Management from J.B. Hunt Transport Services acknowledged an inflection point in freight fundamentals on its second-quarter call with analysts Tuesday night, but said that most of its customers are still expecting a good finish to 2022.
“We’re having a seasonally normal July,” Chief Commercial Officer Shelley Simpson said on the call. “We do think that there will be a peak [season], to what extent we’re still not sure. We feel confident in the different areas of our businesses and how we’re having conversations with our customers.”
She noted that the company is still navigating supply chain bottlenecks, mostly at the ports and on the rails, and that labor availability remains a headwind. She said there was some dislocation in the inventories that customers are holding but it appears to be a short-term issue tied to out-of-season items.
“I think our customers are prepared to have a good second half. I haven’t had a lot of feedback on a significant downturn,” Simpson continued.
J.B. Hunt (NASDAQ: JBHT) reported earnings per share of $2.42 for the second quarter. The result was 81 cents higher year over year and beat analysts’ forecasts by 11 cents. Included in the number was $30 million in pretax casualty claims expense stemming from a couple of prior claims that settled above coverage limits. That was partially offset by an $11.6 million workers’ compensation benefit.
Consolidated revenue of $3.84 billion was 32% higher y/y and 21% higher excluding fuel surcharges. Operating income jumped 46% to $353 million.
Intermodal takes share amid network congestion
Rail service issues remained a headwind to intermodal volumes but J.B. Hunt continued to outperform the market. Intermodal loads were 8% higher y/y compared to a 5% decline in intermodal traffic on the Class I railroads. Volumes accelerated throughout the period: up 4% y/y in April, up 9% in May and 10% higher in June.
Container dwell times at the Ports of Los Angeles and Long Beach, California, reached a fresh high at 13.3 days in June, according to the Pacific Merchant Shipping Association. Compared with the May average, the wait time was a full two-day increase for inbound containers awaiting rail service.
The number of loads per J.B. Hunt container was only off slightly y/y during the quarter at 5x, a slight improvement from the 4.8x recorded in the first quarter.

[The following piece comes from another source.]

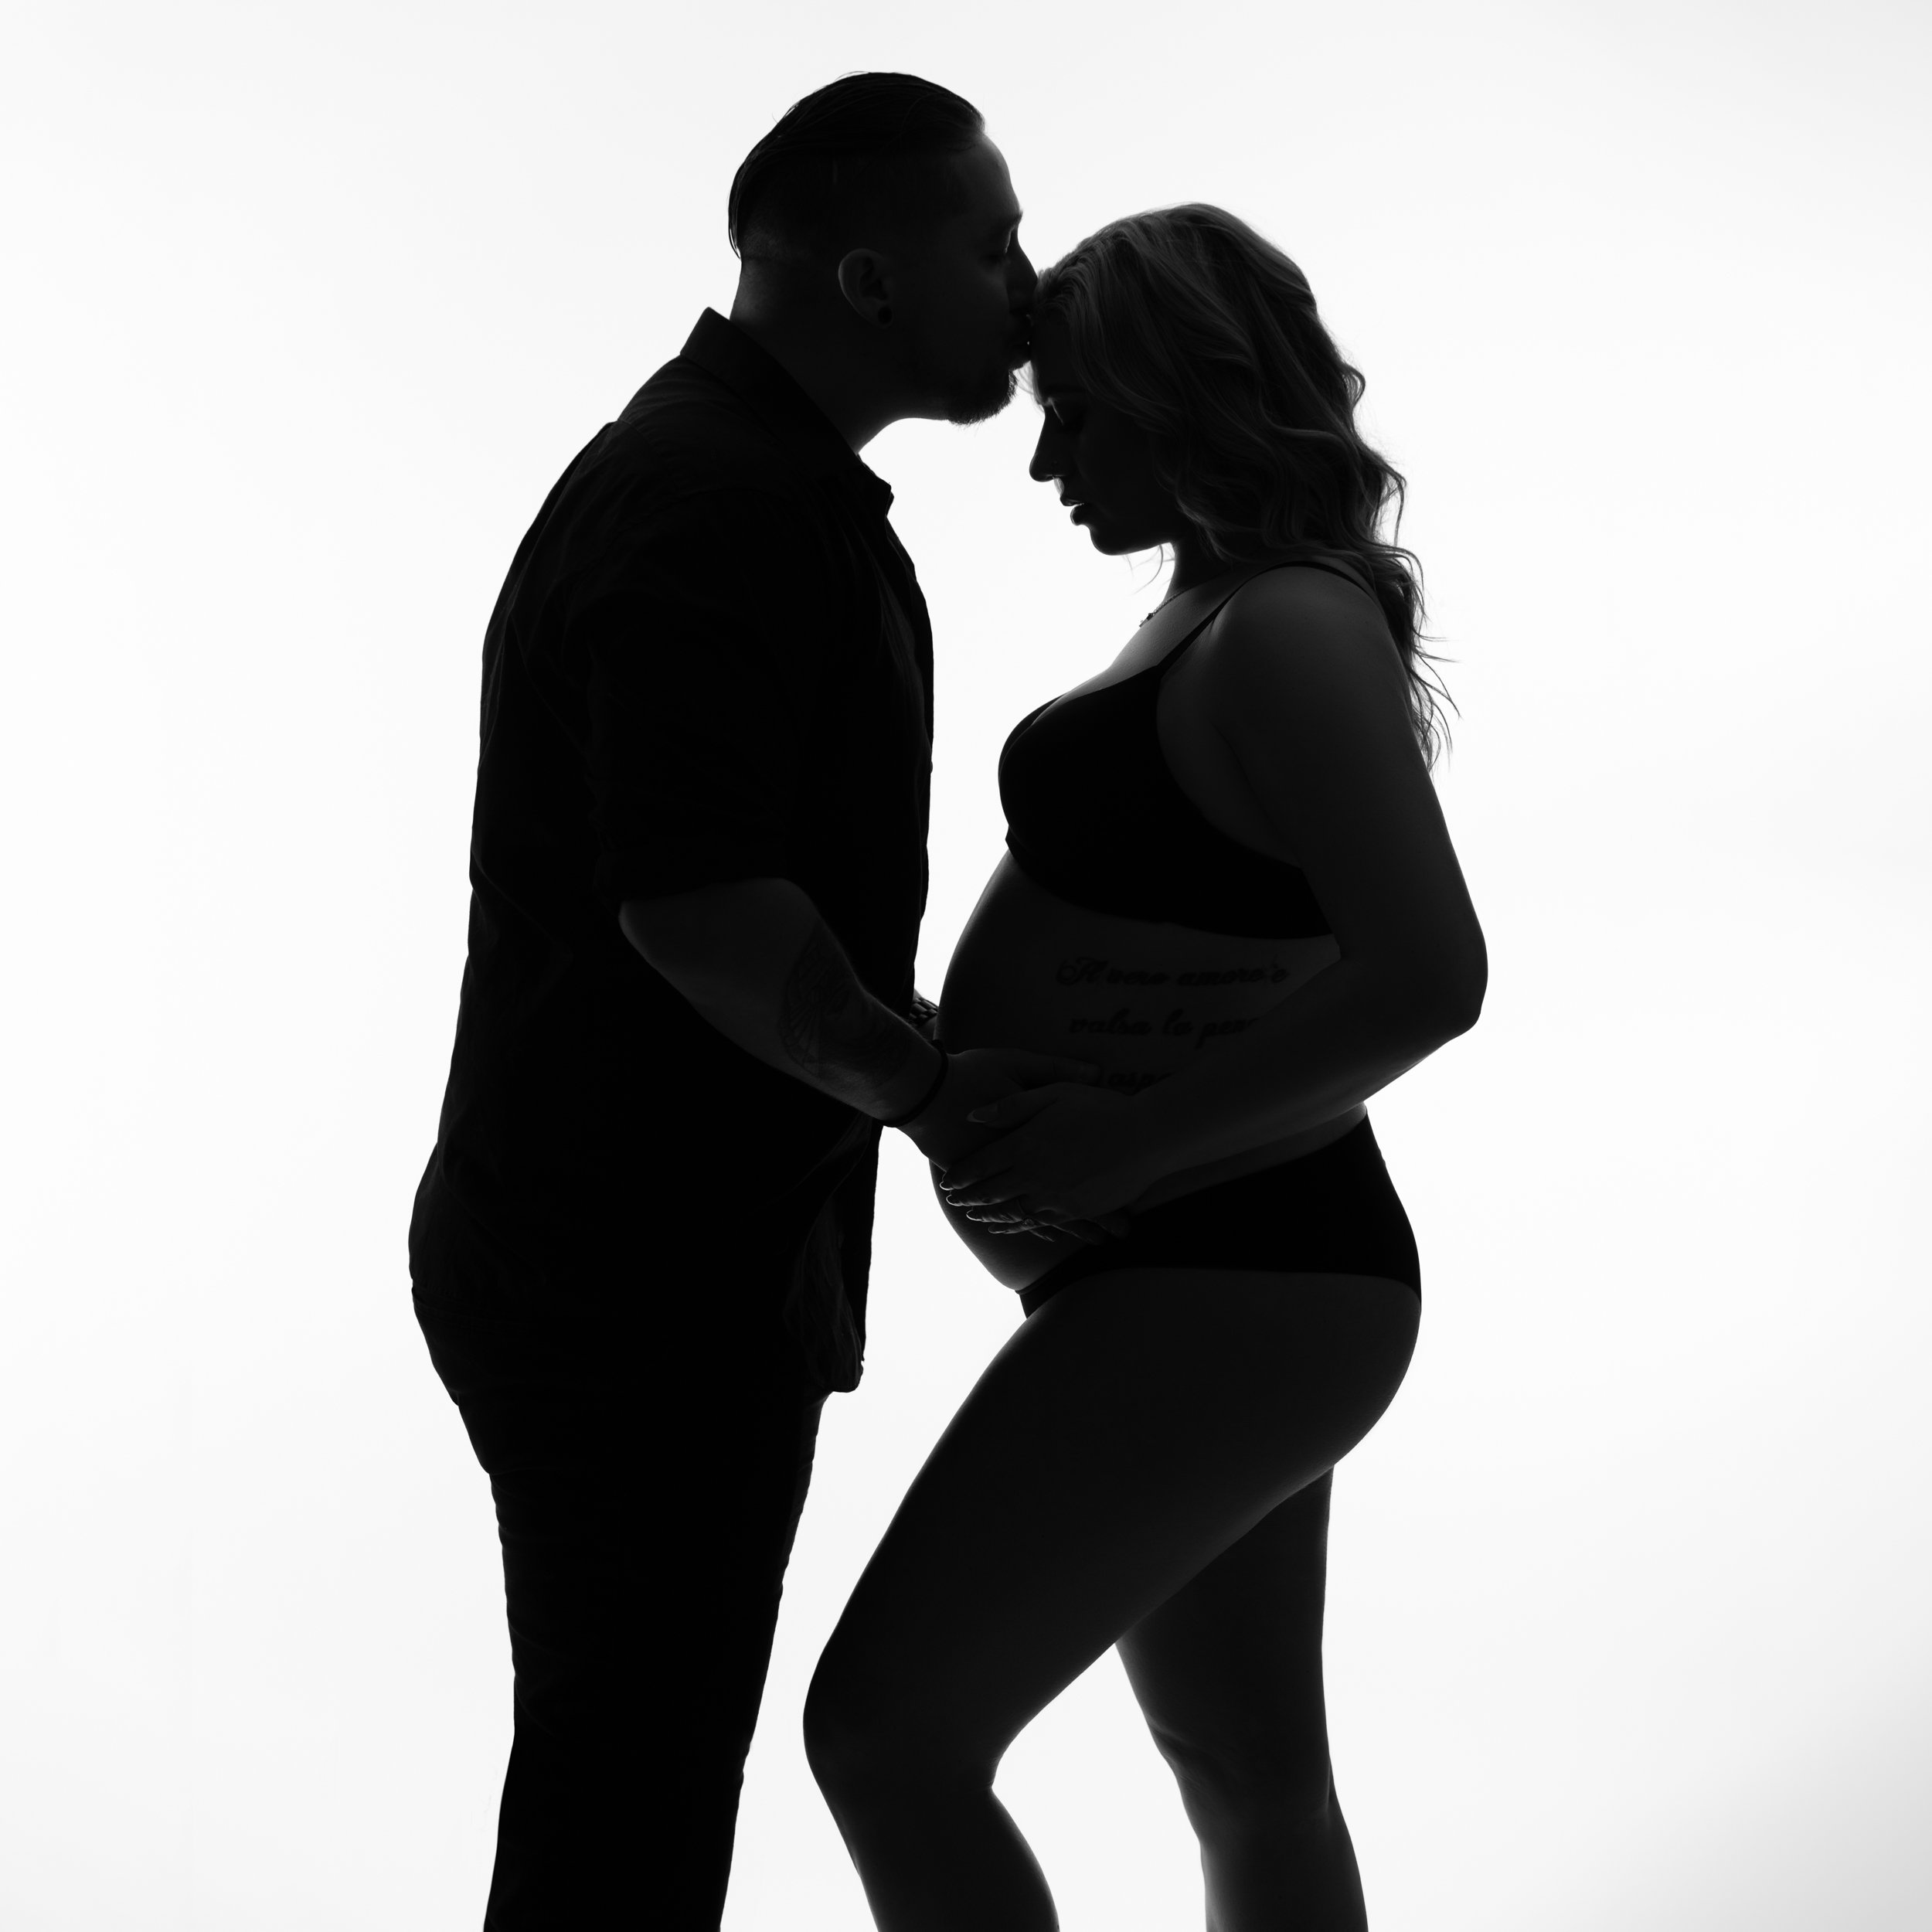 wife-and-husband-embracing-baby-bump-together-in-black-and-white-silhouette.jpg

Intermodal revenue increased 42% y/y to $1.83 billion. Revenue per load was up 32% with cost per load climbing 31%. Excluding the impact of fuel surcharges, revenue per load increased 20% y/y. The operating ratio improved 60 basis points to 88.9%. The result included $7.7 million in net insurance-related expenses.

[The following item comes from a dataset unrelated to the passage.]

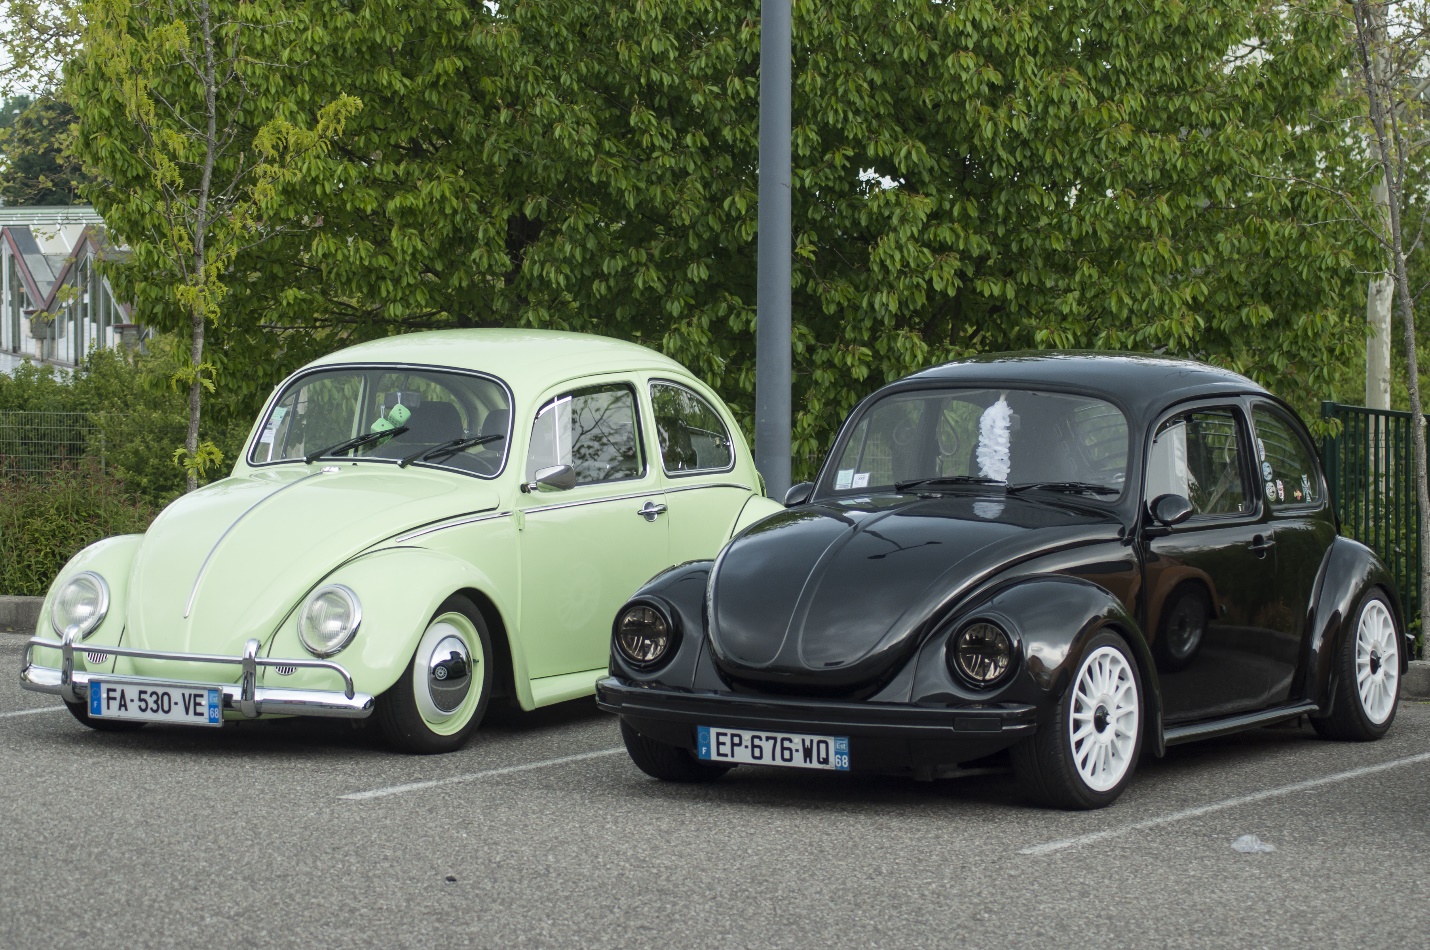 black and green old Volkswagen beetle parked in the street

J.B. Hunt has an initiative in place to grow its intermodal fleet to 150,000 within the next five years. That compares to the 109,000 units it operated on average in the recent quarter. The company also expects to benefit from improving fluidity in the West as carrier Knight-Swift Transportation (NYSE: KNX) has already left BNSF and Schneider (NYSE: SNDR) will be leaving by year-end.
J.B. Hunt will also soon have transloading capabilities on both coasts. On Wednesday, it announced plans to open a site to serve Southern California ports, moving international cargoes into 53-foot trailers. Last year it launched a similar service to ease congestion around the New York metro area.
“Collectively, us and our rail providers all understand that there’s additional demand, additional revenue and additional volume waiting on us to improve our service,” Darren Field, president of intermodal, stated. “I do anticipate that we’re going to see some improvements during the second half of the year.”
Dedicated seeing no demand weakness
“We talked last quarter about seeing solid momentum in the business, and that remains the case today as we continue to onboard new business,” said Nick Hobbs, COO and president of contract services.
The dedicated unit has added nearly 2,200 revenue-producing trucks over the past year. Second-quarter revenue increased 39% y/y to $863 million as loads were up 13% and revenue per truck per week was up 14%. Excluding fuel surcharges, revenue per truck per week was up 5%. The impact from higher rates was partially muted as new customer startup costs provided an overhang.
The division’s OR deteriorated 240 bps to 89.7% due to wage and comp increases, recruiting expenses, new account startup costs, and an uptick in bad debt expense, among other items. Higher fuel prices presented at least a 100-bp headwind to dedicated margins in the period, management said.
Brokerage, truckload and final-mile contribute to revenue and operating income growth
Brokerage revenue was up 3% y/y to $623 million. Loads were down 3% but revenue per load increased 5%. The biggest decline in volumes occurred in April, with load counts improving since. Of note, brokerage revenue did decline 1% y/y on the 360 platform. The division’s gross margin improved 570 bps to 16.2% and operating income was 8 times higher at $24 million. The result included $6.7 million of net pretax insurance expense.
Final-mile revenue increased 20% with operating income up by a similar amount at $13 million. Truckload revenue increased nearly 50% with a 90.7% OR, 160 bps better y/y.